Soriano, J. E.; Hudelle, R.; Mahe, L.; Gautier, M.; Teo, Y. Y.; Skinnider, M. A.; Laskaratos, A.; Ceto, S.; Kathe, C.; Hutson, T.; Charbonneau, R.; Girgis, F.; Casha, S.; Rimok, J.; Tso, M.; Larkin-Kaiser, K.; Hankov, N.; Gandhi, A.; Amir, S.; Kang, X.; Vyza, Y.; Martin-Moraud, E.; Lacour, S.; Demesmaeker, R.; Asboth, L.; Barraud, Q.; Anderson, M. A.; Bloch, J.; Squair, J. W.; Phillips, A. A.; Courtine, G.
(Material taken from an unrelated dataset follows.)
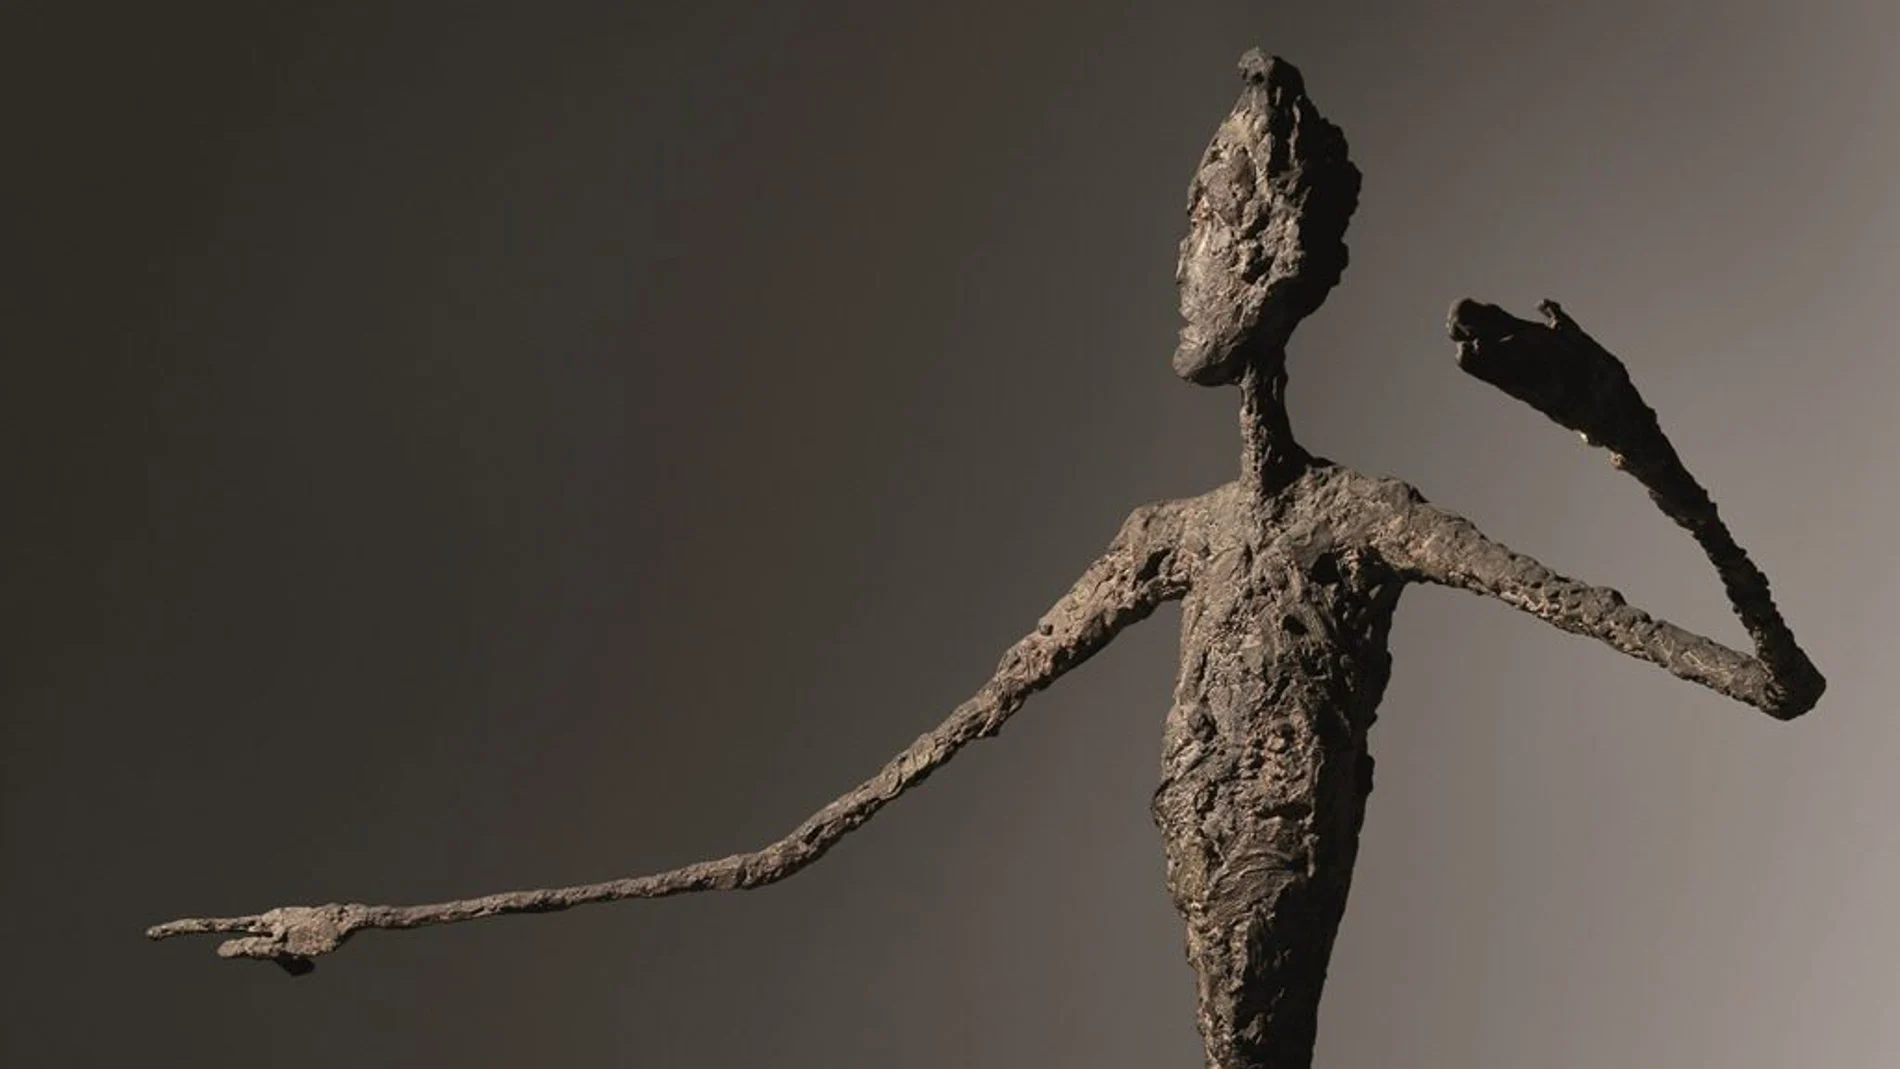 Fotografía cedida hoy, domingo 3 de mayo de 2015, de la obra "L'homme au doigt", escultura en bronce de Alberto Giacometti.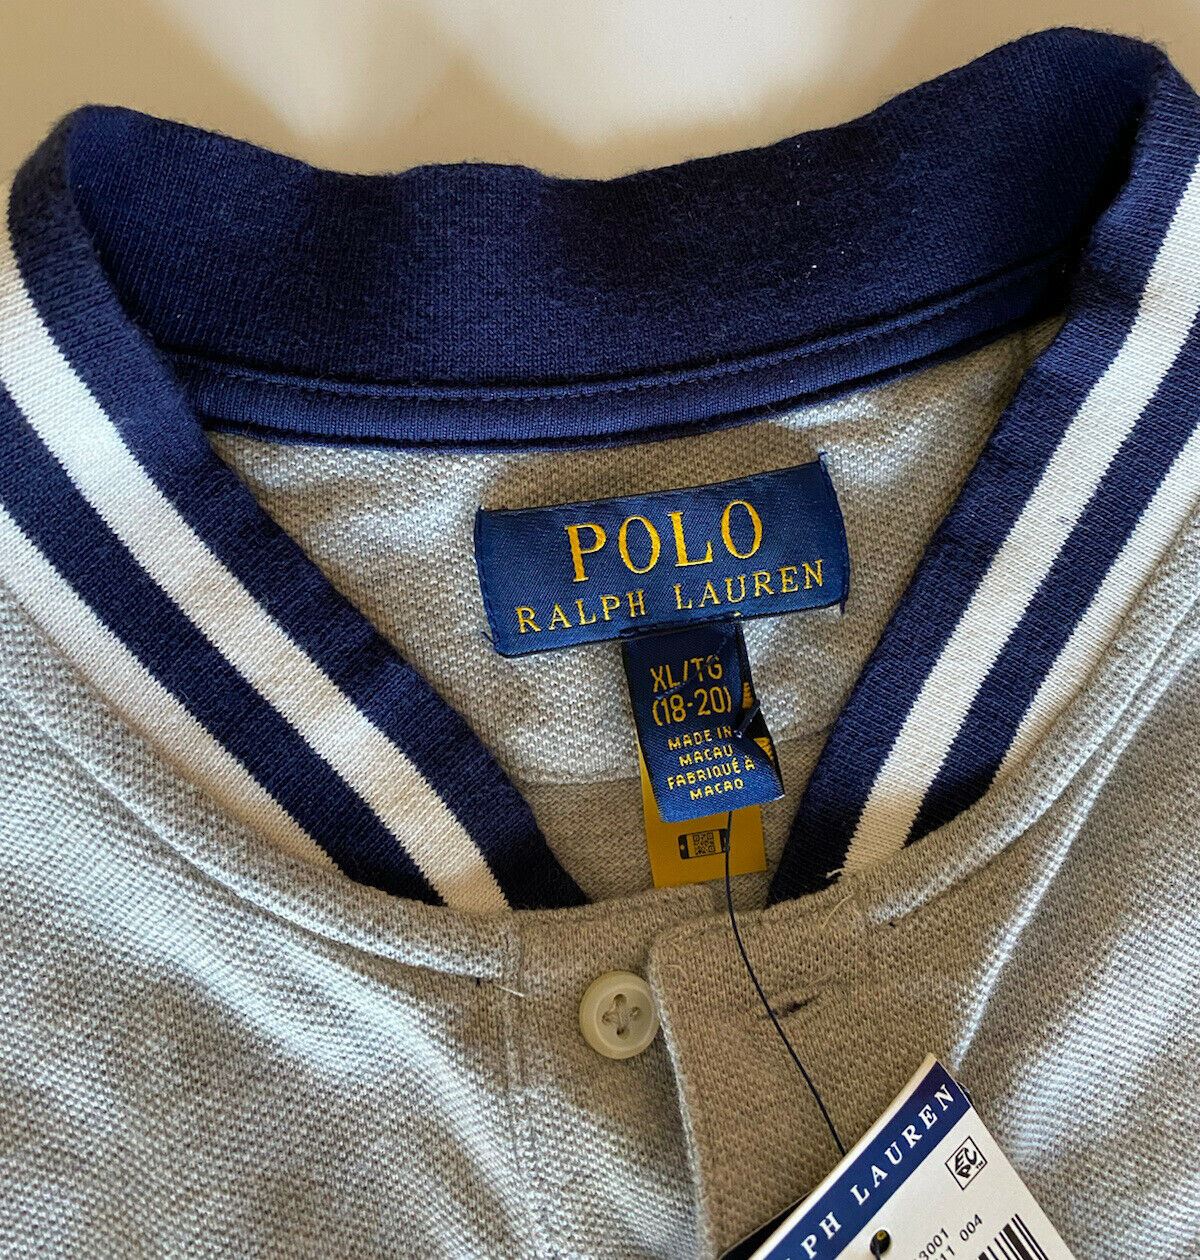 NWT $79.99 Polo Ralph Lauren Tiger Boy's Polo Tee Size M (10-12)

Autonomic dysreflexia is a life-threatening medical condition characterized by episodes of uncontrolled hypertension that occur in response to sensory stimuli after spinal cord injury (SCI). The fragmented understanding of the mechanisms underlying autonomic dysreflexia hampers the development of therapeutic strategies to manage this condition, leaving people with SCI at daily risk of heart attack and stroke. Here, we expose the complete de novo neuronal architecture that develops after SCI and causes autonomic dysreflexia. In parallel, we uncover a competing, yet overlapping neuronal architecture activated by epidural electrical stimulation of the spinal cord that safely regulates blood pressure after SCI. The discovery that these adversarial neuronal architectures converge onto a single neuronal subpopulation provided a blueprint for the design of a mechanism-based intervention that reversed autonomic dysreflexia in mice, rats, and humans with SCI. These results establish a path for the effective treatment of autonomic dysreflexia in people with SCI.